Our dex server is running on the same cluster as ArgoCD with this config:

issuer: "https://dex.example.com/dex"
storage:
  type: kubernetes
  config:
    inCluster: true

oauth2:
  skipApprovalScreen: true

connectors:
- type: ldap
  id: ldap
  name: LDAP
  config:
    host: OUR_LDAP_SERVER_URL:636
    rootCA: /etc/ssl/certs/ca-certificates.crt
    bindDN: cn=admin,dc=example,dc=com
    bindPW: PASSWORD
    usernamePrompt: Username
    userSearch:
      baseDN: ou=Users,dc=example,dc=com
      filter: "(objectClass=person)"
      username: Username
      idAttr: uid
      emailAttr: email
      nameAttr: name
    groupSearch:
      baseDN: ou=Groups,dc=example,dc=com
      filter: "(objectClass=group)"
      userMatchers:
      - userAttr: uid
        groupAttr: memberUid
      nameAttr: name

Then based on the comments above we have tried to configure ArgoCD through the oidc.config but I cannot find much documentation on how to do this. So far, all we have is:

server:
  config:
    oidc.config: |-
      name: LDAP 
      issuer: https://dex.example.com/dex

This is the error we see when attempting to login with LDAP on ArgoCD:

Invalid redirect URL: the protocol and host (including port) must match and the path must be within allowed URLs if provided

I have tried passing in redirectURI: https://ARGOCD_URL/api/dex/callback to the dex config but still get the same error

[crenshaw-dev]

@awalford16 can you open an issue and specify the version you're running?

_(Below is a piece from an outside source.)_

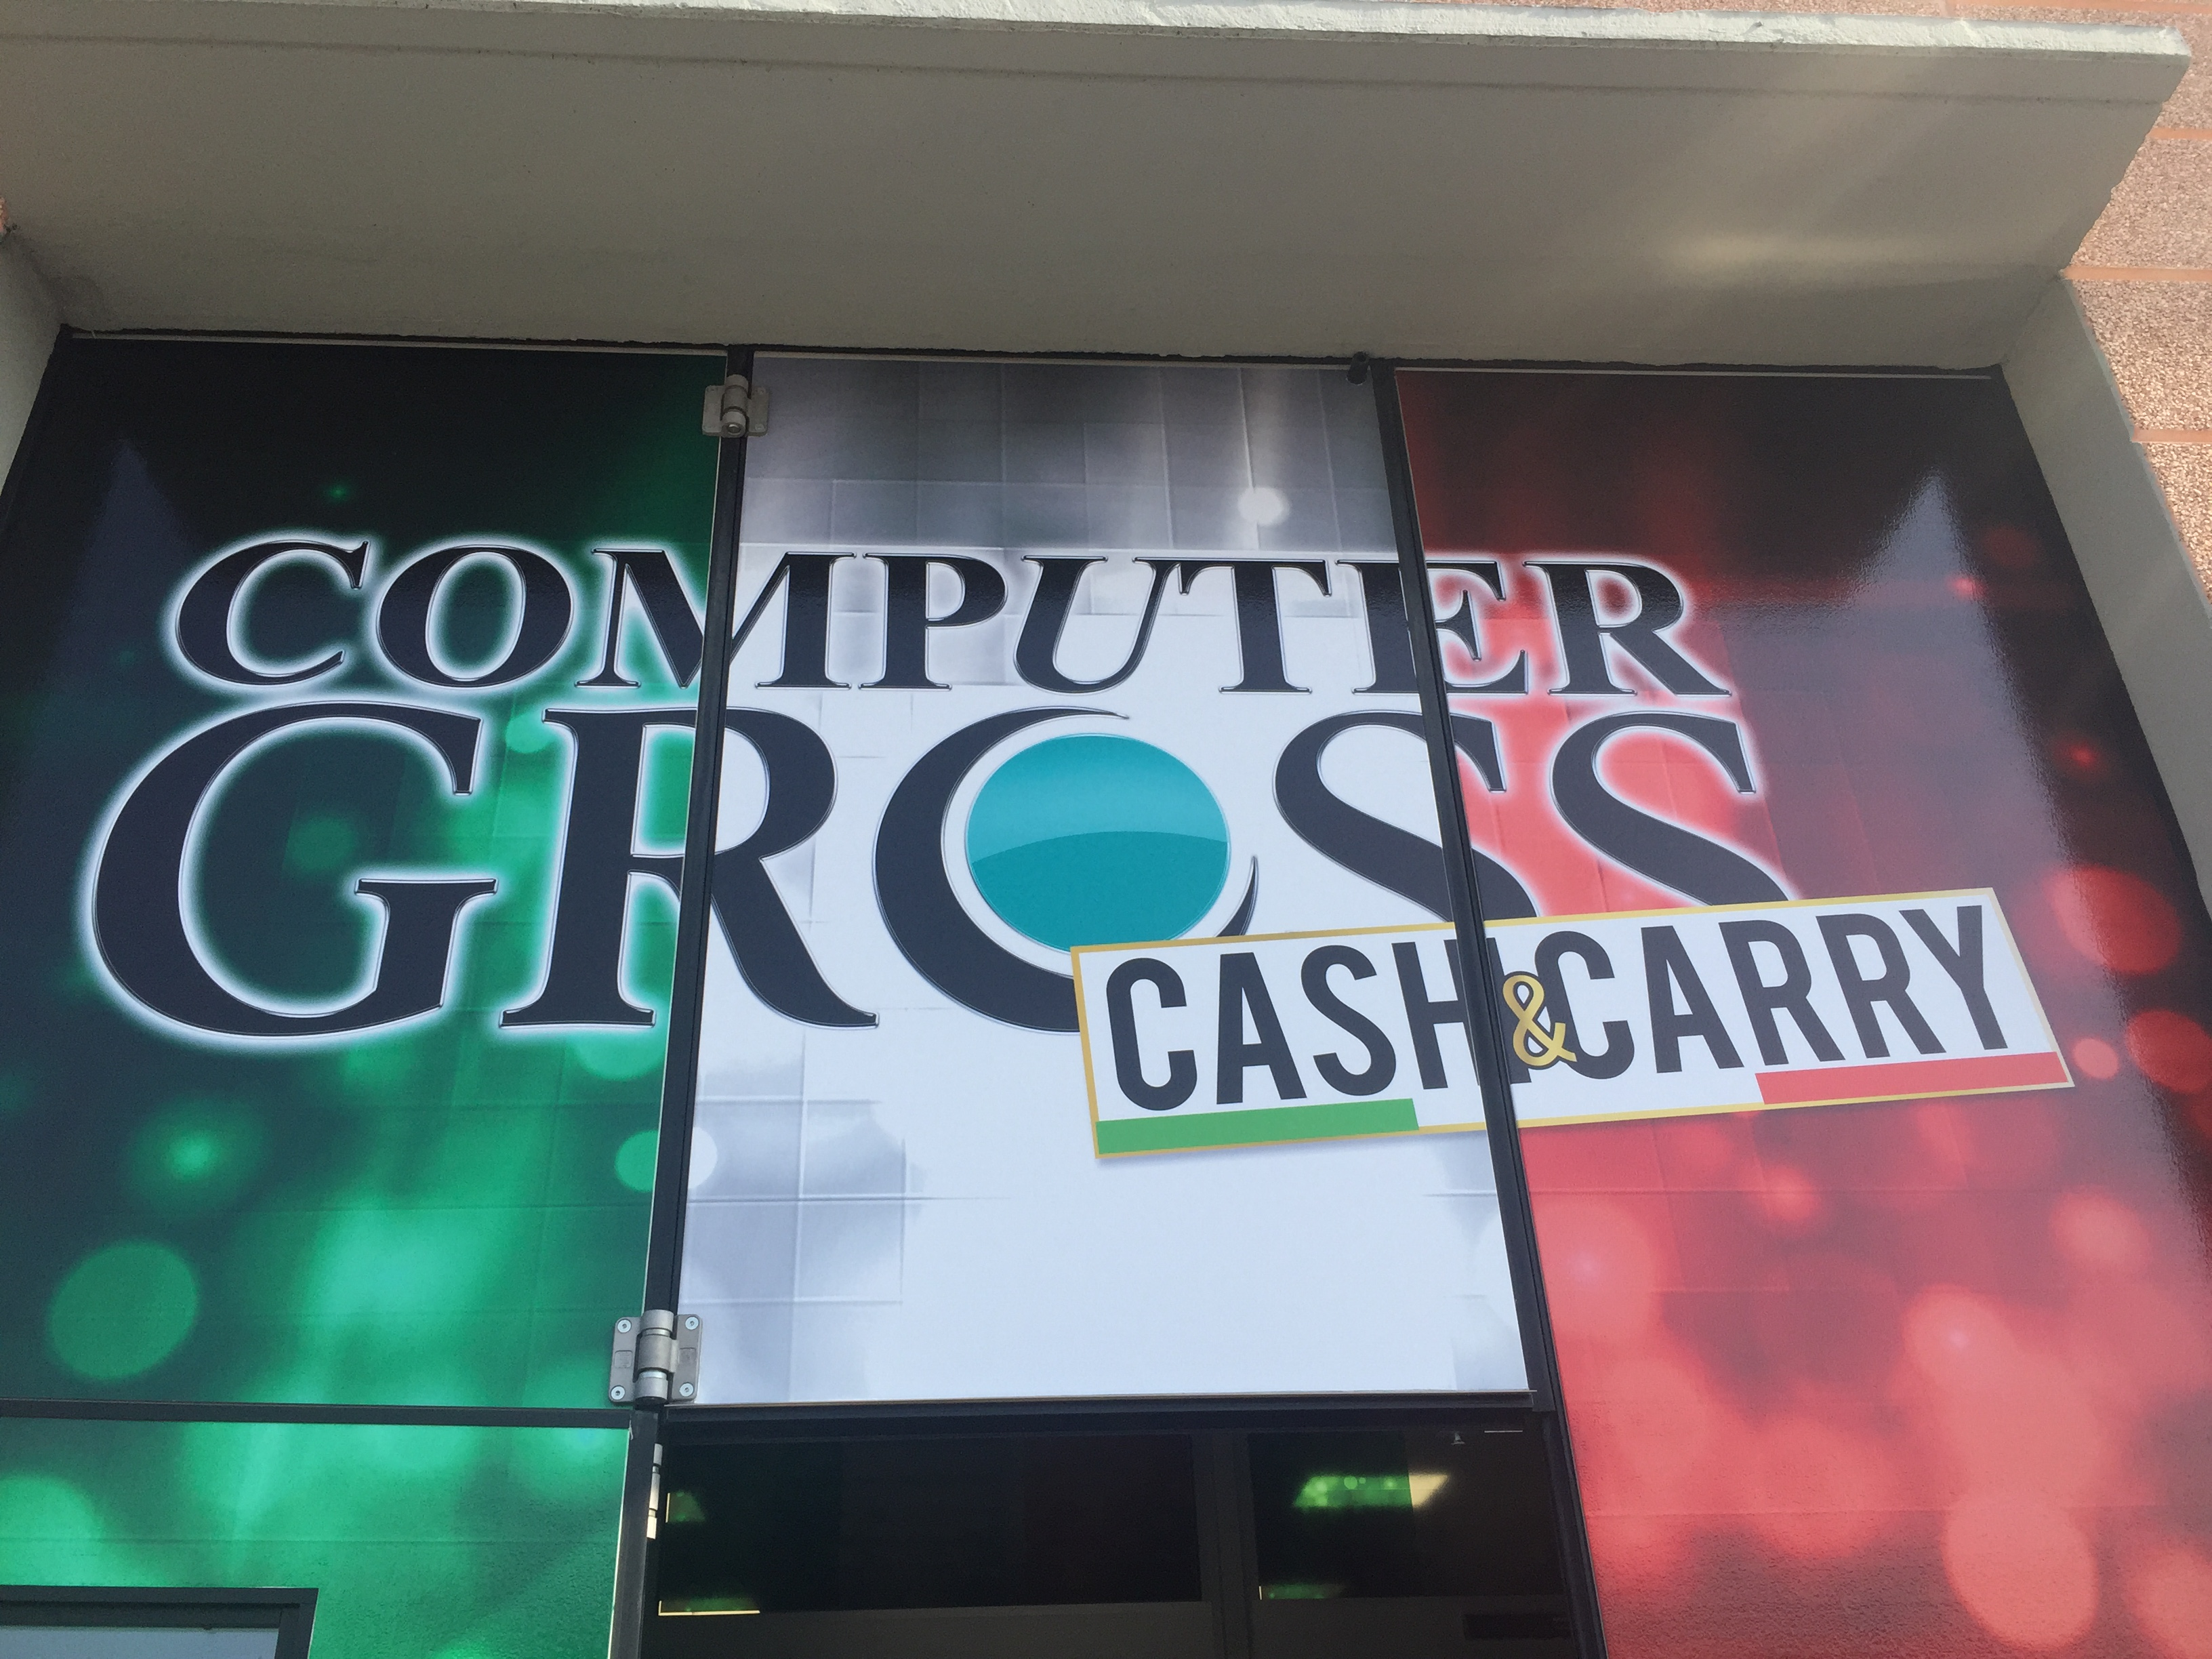 Computer Gross Cash&Carry
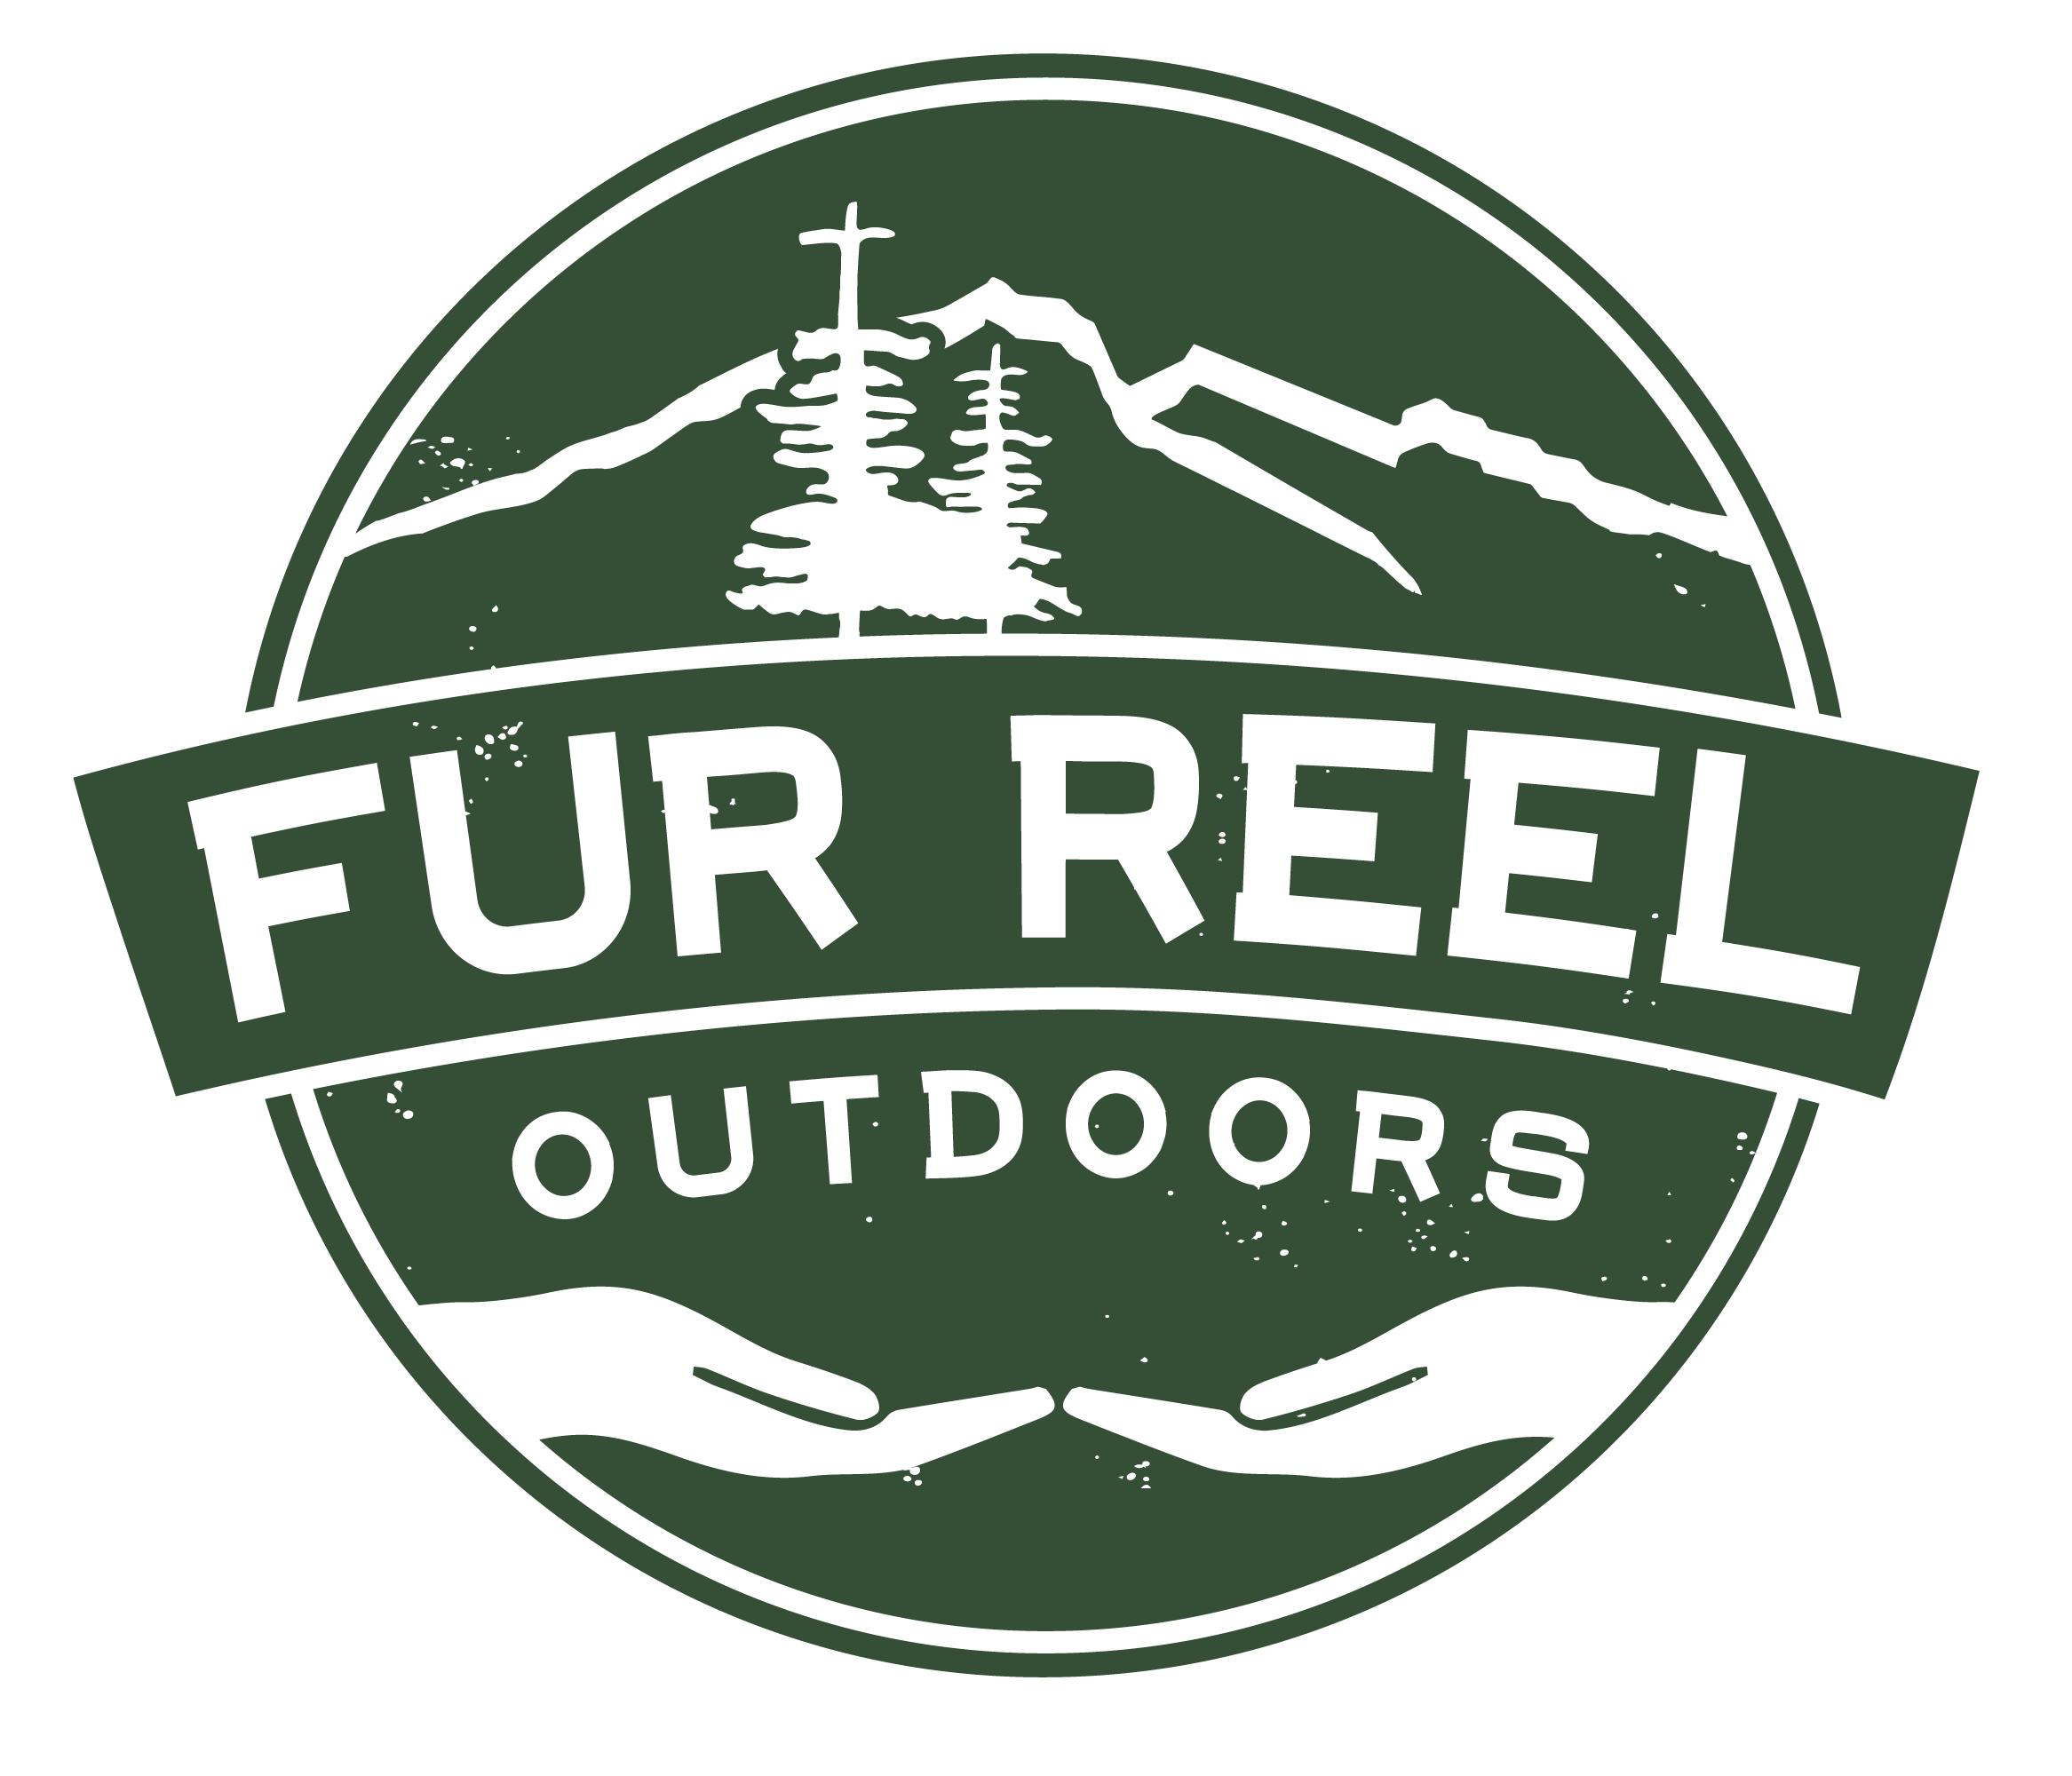 Fur Reel Outdoors

My immediate instinct is that Argo CD is trying to compare the redirect URL with the configured url field (in argocd-cm), but I'm not sure.

[michaelajr]

So I was able fix this by adding configs.cm.url

[thiDucTran]

can posters post specific examples of your working configs? @michaelajr @mbuccarello ?

edit: for our use-case, we got things to work. see below

• for argocd, we have deployed it via these helm values. See https://github.com/argoproj/argo-helm/tree/main/charts/argo-cd

dex:
  enabled: false
configs:
  rbac:
    scopes:
      - groups
      - email
  cm:
    url: https://abc.com/argocd
    oidc.config: |
      name: AzureAD
      issuer: https://abc.com/dex
      clientID: argocd
      clientSecret: passBetweenDexAndArgo #needs to match what you defined in Dex. 
     # root CA of our abc.com 
      rootCA: |
        -----BEGIN CERTIFICATE-----
        MIIE0DCCA7igAwIBAgIBBzANBgkqhkiG9w0BAQsFADCBgzELMAkGA1UEBhMCVVMx
        -----END CERTIFICATE-----
      requestedIDTokenClaims:
        groups:
          essential: true
      requestedScopes:
        - openid
        - profile
        - email
        - groups
  params:
    server.insecure: true
    server.rootpath: "argocd"

• in Dex, we have this

kind: ConfigMap
apiVersion: v1
metadata:
  name: dex
  namespace: dex
data:
  config.yaml: |
    issuer: https://abc.com/dex
    expiry:
      idTokens: "30m"
    storage:
      type: kubernetes
      config:
        inCluster: true
    web:
      https: 0.0.0.0:5556
      tlsCert: /etc/dex/tls/tls.crt
      tlsKey: /etc/dex/tls/tls.key
    connectors:
    - type: microsoft
      # Required field for connector id.
      id: microsoft
      # Required field for connector name.
      name: Microsoft
      config:
        # Credentials can be string literals or pulled from the environment.
        clientID: $MICROSOFT_APPLICATION_ID
        clientSecret: $MICROSOFT_CLIENT_SECRET
        redirectURI: https://abc.com/dex/callback
        tenant: someTenantId
        groupNameFormat: id
    oauth2:
      skipApprovalScreen: true

    staticClients:
    - id: argocd
      redirectURIs:
      - 'https://abc.com/argocd/auth/callback'
      name: 'argocd'
      secret: passBetweenDexAndArgo

we use K8s Nginx Ingress Controller as our reverse proxy for both Dex and ArgoCD

[jcogilvie]

If you'd like to extract the working config for your current dex in order to import it into an external dex, you can get a pod shell into argocd-server and run argocd-dex gendexcfg and it'll print argo's desired config to stdout.

[264nm]

So in the case I've been trying to set up, I was asked to patch out the bundled Dex as well as leverage the existing Dex instance on the cluster managed by others.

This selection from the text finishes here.